No doubt, a successful police development program is one of the keys to the Government of Afghanistan assuming the security lead by the end of 2014. But to say the U.S. is not serious about the Afghan National Police (ANP) as a viable force to assume the security responsibilities is not accurate. The ANP training mission transition from DoS to DoD was conducted between Dec 30, 2010 and Apr 29, 2011. The training mission had two elements, 1) training and mentoring; and 2) base support for 15 training sites. On contract transfer, 300 of 728 Dyncorp positions were filled, a manning rate of 41 percent.
The Nato Training Mission-Afghanistan (NTM-A) headquartered at Camp Eggers in Kabul extended the current DoS contractor fill for 90 positions. NTM-A assumed risk in other areas and retasked personnel along with requesting NATO support to fill 148 positions. The endstate and contract transfer from DoS to DoD was 540 of 728 positions filled, a 74 percent manning rate. At no time was training of the police cancelled. In fact, on page 15 of the report it states that "no training classes were cancelled." So, where are we today police training? Currently, 633 of 673 trainer/mentor positions are filled, a 94 percent manning rate. Additionally, on May 26, 2011, NTM-A issued a letter of concern to the contract due to the contractor's inability to meet manning requirements. On June 1, 2011 the contractor agreed to reduce the transition period award fee by $326,000; reducing from $601,000 to $275,000, a reduction of 54%. NTM-A is committed to ensuring that Afghanistan's security institutions, and not just the Police, but the Army and Air Force as well, are self-sufficient, self-sustaining, and enduring. Significant investment, by the American taxpayer, has been made to consciously provide the Afghan National Security Force (ANSF) with capable, affordable and sustainable weapons, vehicles, equipment, and infrastructure. This investment must first, meet the requirement to defeat the current threat and protect the people of Afghanistan; it must be affordable and provide the best value over time; it must be sustainable and durable to withstand the harsh Afghan environment; and it must able to be maintained without international assistance.

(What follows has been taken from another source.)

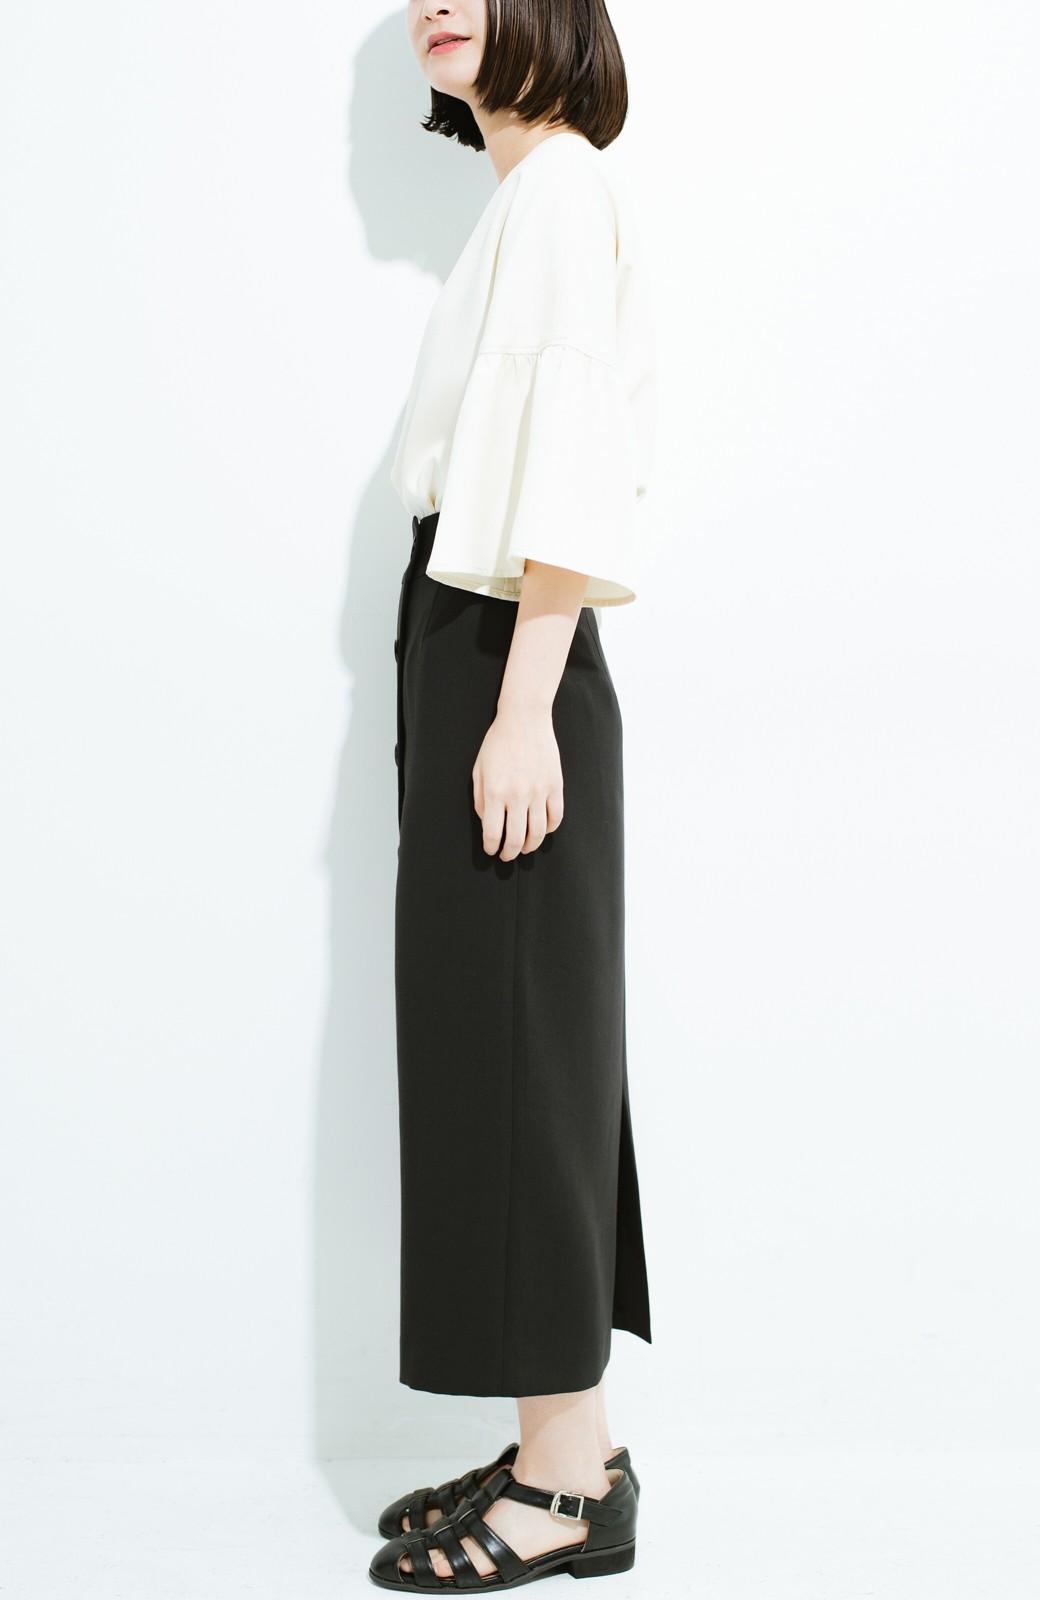 haco! はいてこそ見える実力、セミフォーマルにも使えるオトナのタイトスカート by MAKORI <ブラック>の商品写真4
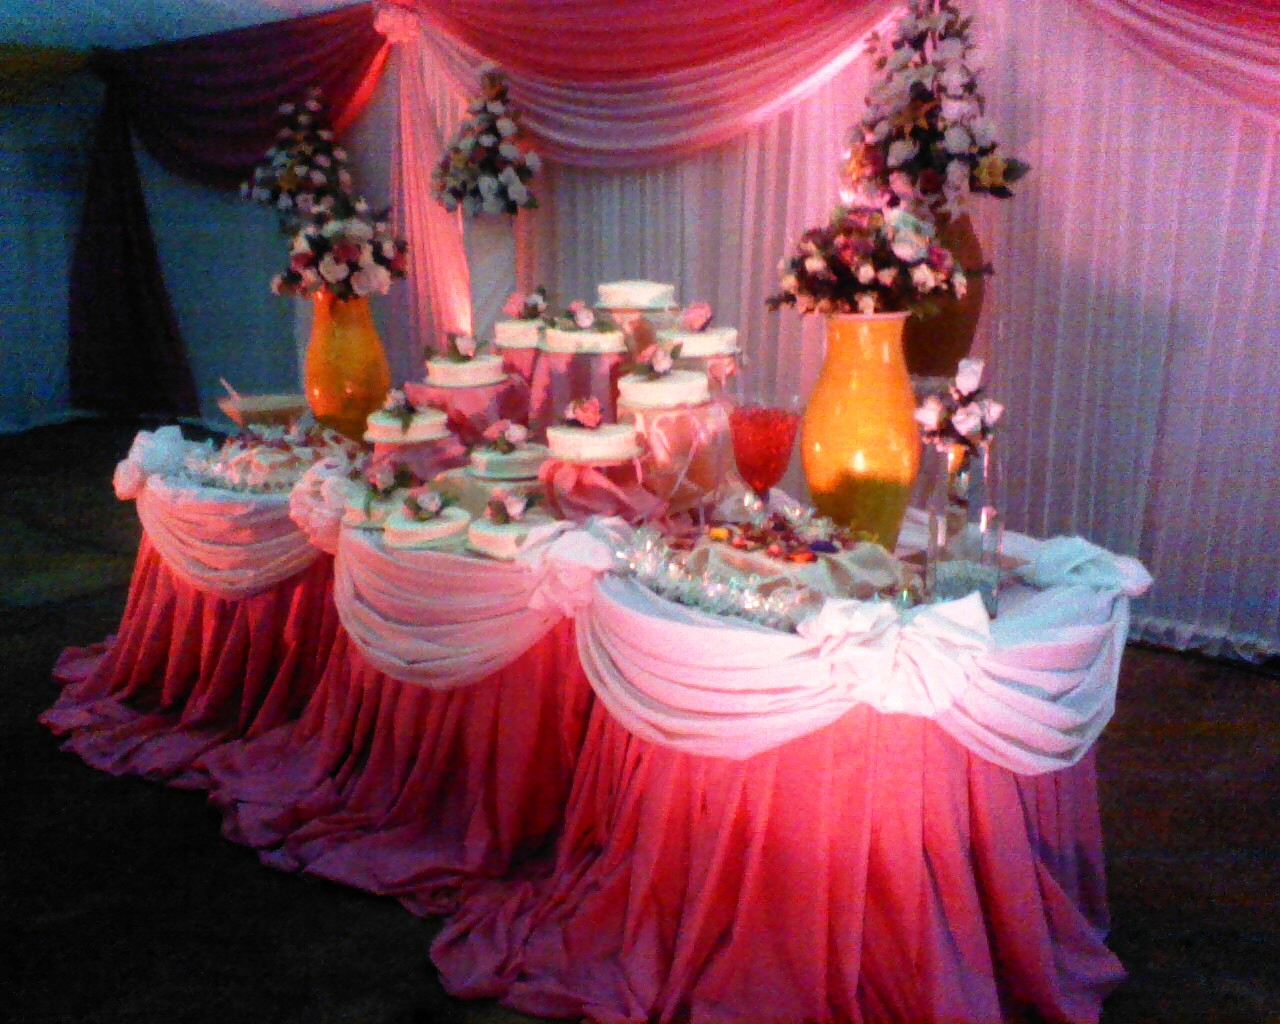 Decoracion de mesas para 15 anos for Decoracion de quinceanera

Developing the ANSF to endure will continue to be the goal, but it will require patience and commitment on the part of the international community. The return on the investment is a capable and professional ANSF that endures long after the coalition combat forces have departed Afghanistan. So, are we getting it right? In some areas the ANP has made incredible progress, in other areas, challenges still exist. But to look back from where we started and where we are today, I am confident when I say that the ANP is on track to meet its 157,000 police force mark by November 2012.